连续性（Continuous）：与传统的独热编码（one-hot encoding）不同，词向量是连续的，用浮点数，而不是只有0和1的向量。这种连续性使得词向量之间可以计算距离（如欧几里得距离或余弦相似度），从而捕捉词之间的语义和语法关系。
维度：词向量通常有一个固定的维度，例如 128、256、1024 等。
捕获语义关系：通过训练，词向量能够捕获词之间的语义关系。
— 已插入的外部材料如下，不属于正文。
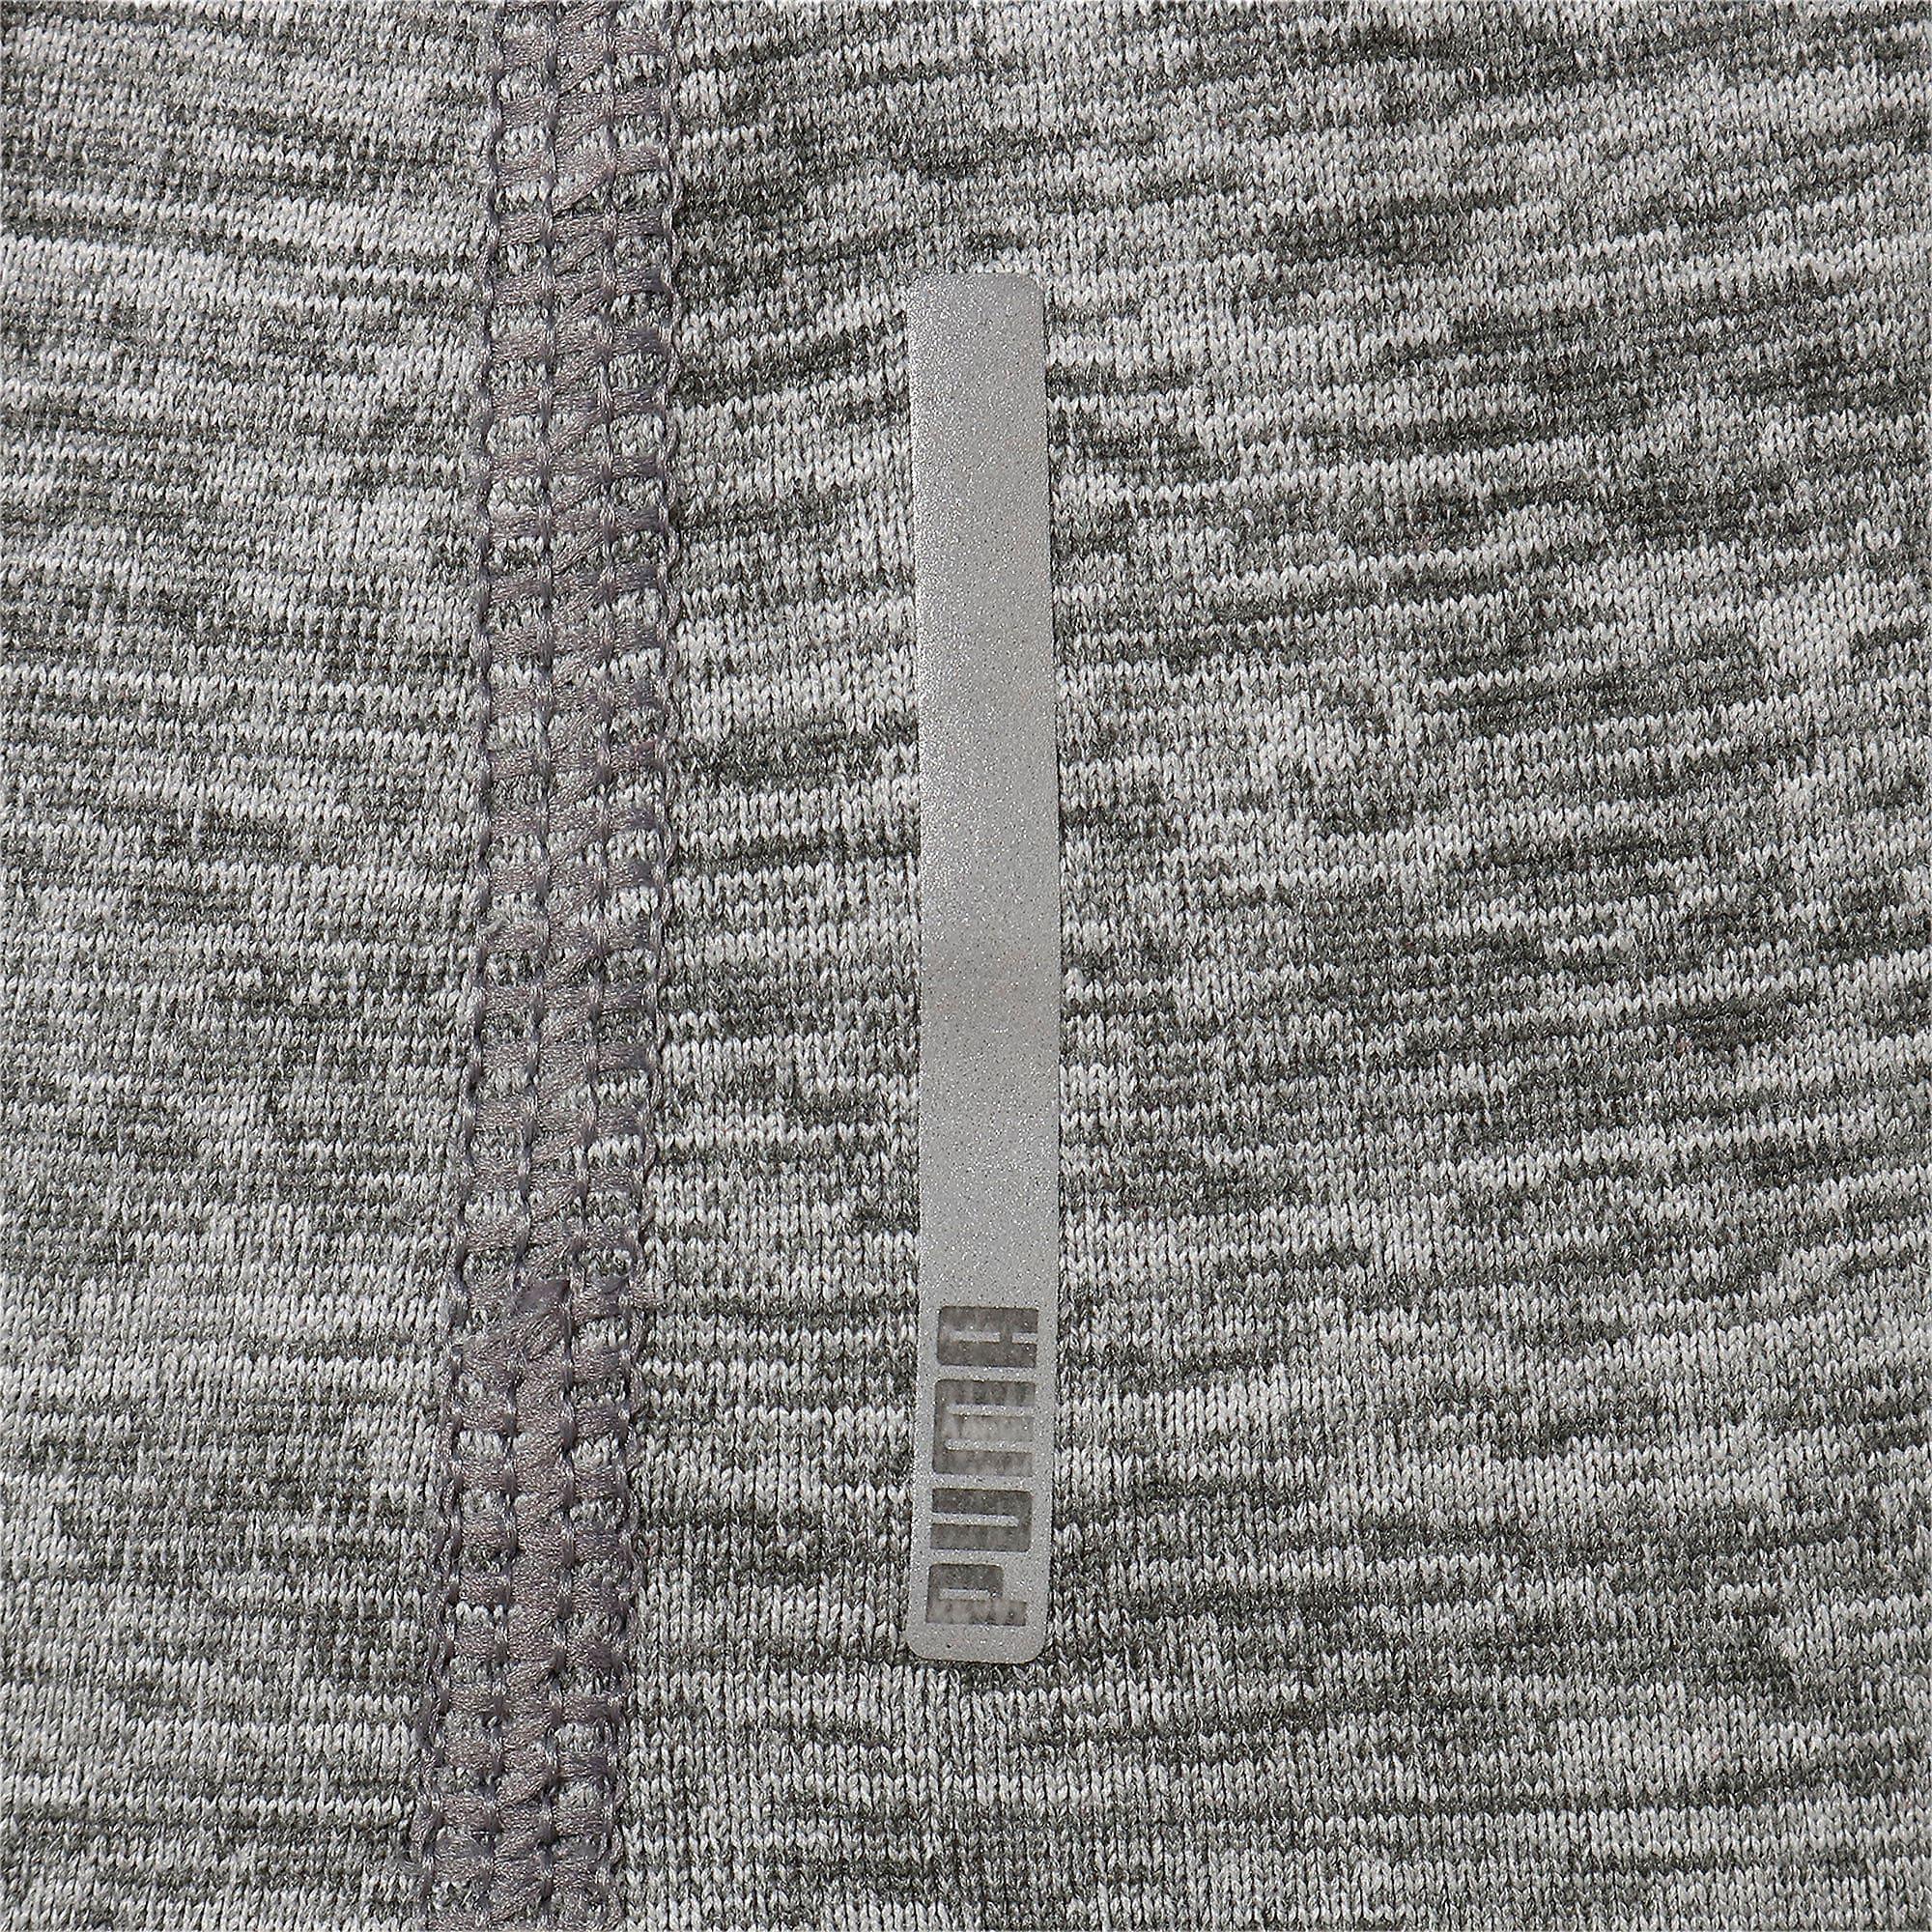 Thumbnail 9 of ヘザー キャット ウィメンズ ランニング Tシャツ 半袖, Medium Gray Heather, medium-JPN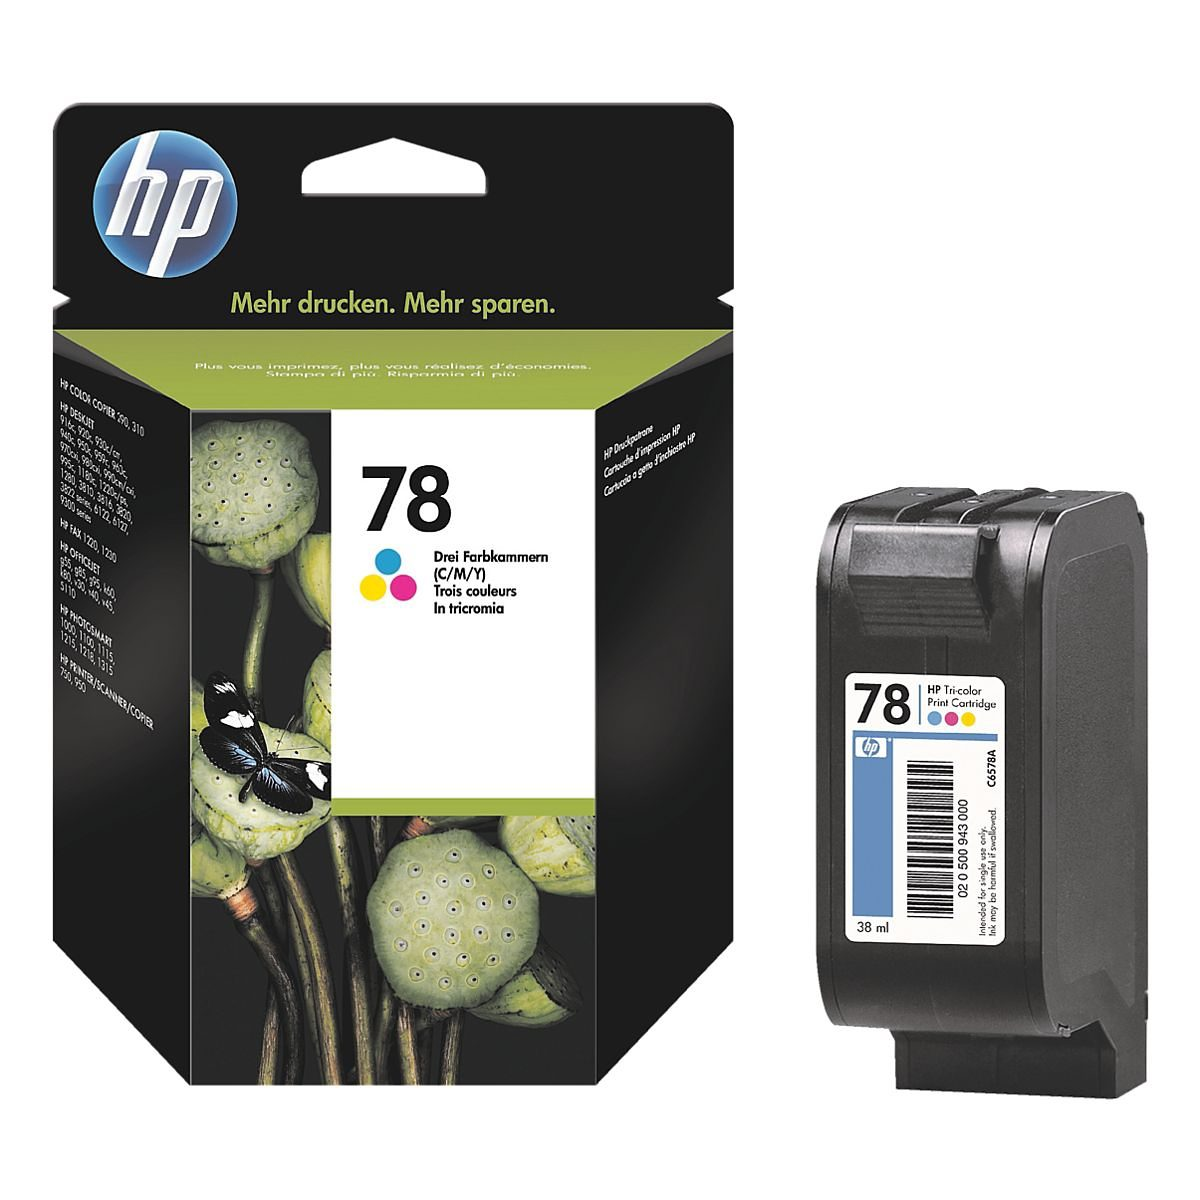 HP Druckpatrone »HP C6578AE« HP 78

例如，向量(“king”) - 向量(“man”) + 向量(“woman”) 的结果可能会接近向量(“queen”)。

算法

Transformers 系列（主流算法）

BERT 系列（Encoder）

原生 BERT
Sentence-BERT（SBERT）
1. 论文：Sentence-BERT: Sentence Embeddings using Siamese BERT-Networks （2019.08，Technische Universit¨at Darmstadt，德国）
SimCSE: Simple Contrastive Learning of Sentence Embeddings （2021.04，普林斯顿大学、清华大学）
1. 亮点：无监督对比学习；Dropout 作为数据增强
ConSERT: A Contrastive Framework for Self-Supervised Sentence Representation Transfer （2021.05，北京邮电大学、美团）

GPT 系列（Decoder）

论文：SGPT: GPT Sentence Embeddings for Semantic Search （2022.02，北京大学）
代码：Muennighoff/sgpt ：SGPT
1. 亮点：利用 GPT 模型生成句子嵌入（Sentence Embeddings）。

Word2Vec（速度快）

以下两篇论文共同构成了 word2vec 方法的基础，对于自然语言处理领域的词嵌入技术具有开创性的意义。
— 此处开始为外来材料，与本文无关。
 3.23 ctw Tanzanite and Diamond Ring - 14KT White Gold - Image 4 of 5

论文：Efficient Estimation of Word Representations in Vector Space （2013.01，Google）
1. 主要贡献点：提出了 Continuous Bag-of-Words（CBOW）和 Skip-gram 模型，通过神经网络将词汇转换为向量表示，显著提升了语义和句法相似性任务的性能。
  1. CBOW：通过上下文来预测中心词。
  2. Skip-gram：通过一个词来预测其上下文。
论文：Distributed Representations of Words and Phrases and their Compositionality （2013.10，Google）
1. 主要贡献点：训练方法上的改进点。
  1. 高频词的子采样（subsampling of the frequent words）：降低高频词在训练中的权重。
  2. 负采样（negative sampling）：通过从非上下文中随机采样负例，与正例一同用于训练。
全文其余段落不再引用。